Naomi Devil (Noémi Ördög)
“I wanted to be a fashion designer. I had the opportunity to study fashion design in Salzburg, but there I fell in love with painting,”(1) said Naomi Devil about her secondary school years. “Once I cut out a picture from a Japanese fashion magazine, made a copy of it, and it turned out that I and painting were pretty good friends. From that time onwards, I wanted to be a painter.” She completed her higher education in Vienna and earned a degree in painting and graphic design, but she also studied architecture.
She definitively turned towards autonomous fine art after a London exhibition: she saw works by Damien Hirst, Tracey Emin and the YBA(2) generation at the Saatchi Gallery. Not much later she came across a Gottfried Helnwein catalogue in Vienna, which aroused her interest in photorealism. At the same time, she has remained faithful to fashion ever since. The trends in clothes, demeanours and objects of everyday use representing characteristics of the different periods, generations and subcultures are deeply anchored self-images, which, either contrasted or melded together, are frequent themes in Naomi Devil’s art.
Being a member of generation Y, she is a digital native. Included among the primary art sources she uses are the high-definition reproductions published in the Google Art Project, as well as the avatars and virtual worlds created in Second Life, an online role-playing game. Her creative use of Photoshop is matched by her talent with the paintbrush. The computer and the internet, however, are mainly important for her in modelling, especially in constructing the composition of her works, and the visual implementation of her sprawling fantasies.
Her early works were inspired by the behavioural culture of her teenage peers. Underlying her pictures with a striking palette were the fashion trends of punks, postpunks, emos and goths, i.e. the visual worlds of the consumer generation, as well their problems, such as media dependence, drug addiction, the isolating effect of social media, and virtual relationships.
Naomi Devil has treated her themes in series since the early stage of her career. The roughly two-year-cycles of her oeuvre can be called periods, since they are connected both in regard to their themes and, in most cases, their artistic techniques. The protagonists in the paintings of Avatars, marked by a cold atmosphere and based on the virtual, futuristic world of Second Life, are fashion dummies and hybrid beings. The neon lights of deserted shopping centres and luxury shops imbue even the warmer tones of these compositions with a peculiarly chilly air.
In contrast, warm brown tones are used in the self-portraits of the Rembrandt series, composed of digitally manipulated photos – ‘selfies’ – made with Rembrandt’s digitalised brushstrokes and printed on alu-plexiglass.
The ensemble titled Hedonati is the result of another technical experiment: the combination of digital print and oil painting, during which the artist printed digitally composed 3D collages of existing artworks on canvas and subsequently modified them with oil paint. These pictures are saturated with Baroque pomp, period costumes are mixed with gold skeletons and typical objects of the twentieth and twenty-first centuries, and the themes of hedonism and transience are treated with obvious irony.
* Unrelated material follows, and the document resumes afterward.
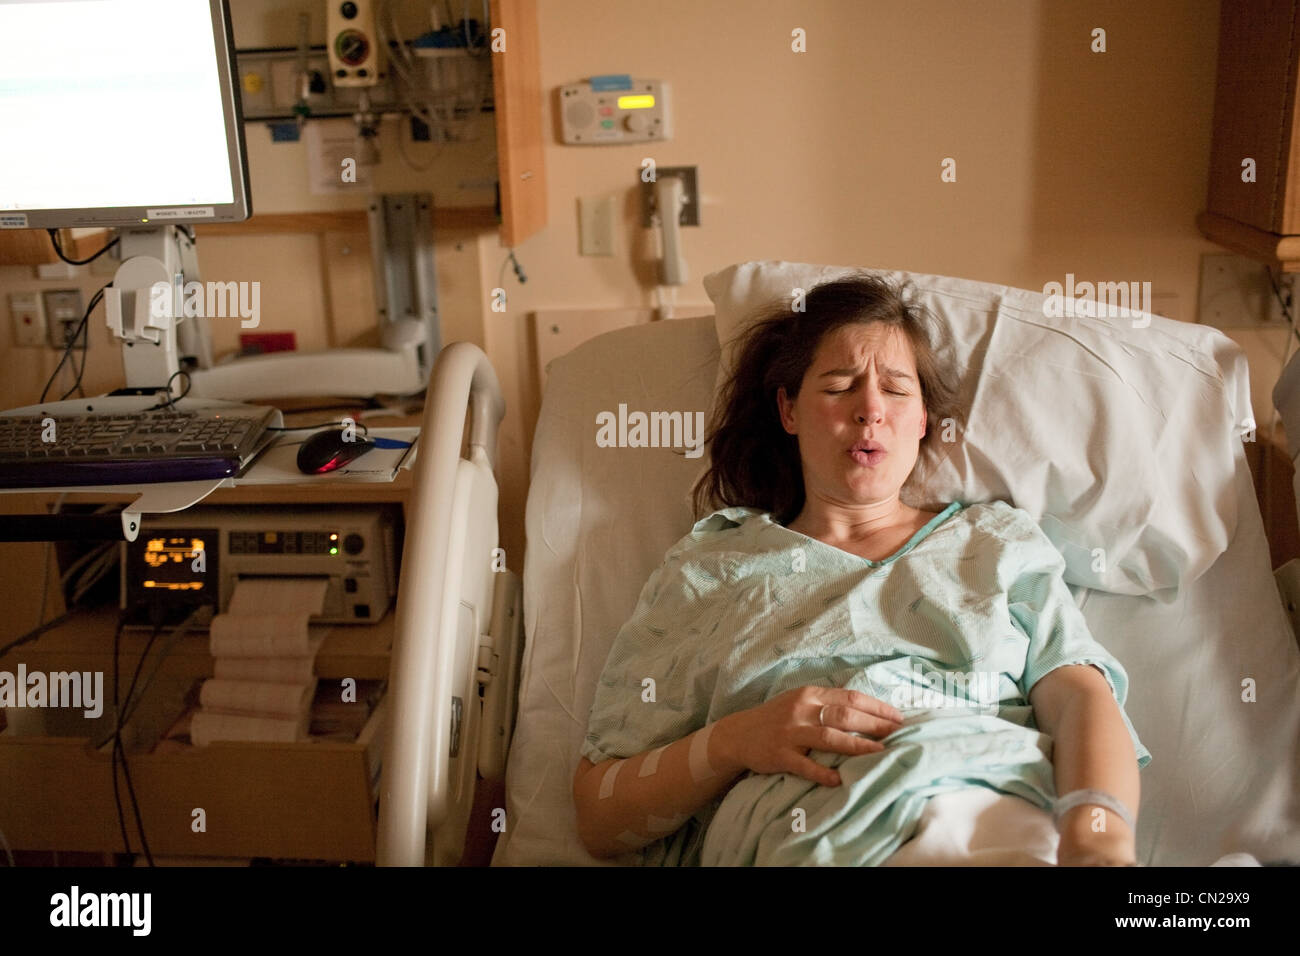 Pregnant woman in labor on hospital bed Stock Photo

The ‘traditional’ oil on canvas series that preceded Hedonati is named Wonderfools, captivating viewers with cluttered, surreal visions. Reminiscences of past eras are revisited here too along with contemporary fashion accessories, classical kimonos and the new Japanese fashion craze of maid costumes. The most striking characteristic of the series, however, is the lush vegetation: the canvases are teeming with mushrooms, fruit, vegetables, butterflies and larvae. Strange, translucent and spiky larvae are crawling over magnified exotic pieces of fruit – they are actually real creatures: the larvae of a South American moth species called the Acraga hamata of the Dalceridae family, also known as the jewel caterpillar, which, as features in Naomi Devil’s pictures, simultaneously evoke associations of both beauty, ugliness, pleasure, decay, transience, metamorphosis and rebirth.
As if providing a counterpoint to the surreal images of Wonderfools and the Baroque pomp of Hedonati, the Dolce far niente (2017) series contains paraphrases of the female figures of French Classicism and academic painting set in minimalist and monochrome environments. For example, parts of a bikini are swiming in a pool in the paraphrase of The Source by Ingres, while a mobile phone appears in The Valpinçon Bather, anchoring the work in the twenty-first century, and Cabanel’s Venus is depicted sunbathing on the deck of a sleek white yacht. The series is dominated by the nudes of William-Adolphe Bouguereau, once the celebrated star of French salons, mainly seen in environments evocative of luxury voyages and wellness hotels.
In her most recent pictures, Naomi Devil apparently returned to the visual world of her Hedonati although this time applying a clearer pictorial idiom. She dressed the female portraits of Vigée Le Brun, Vespronck, Greuze and other artists in bizarre hats, glasses and role-play masks with an almost mannerist sensuality, providing a new summary of her time travel across centuries.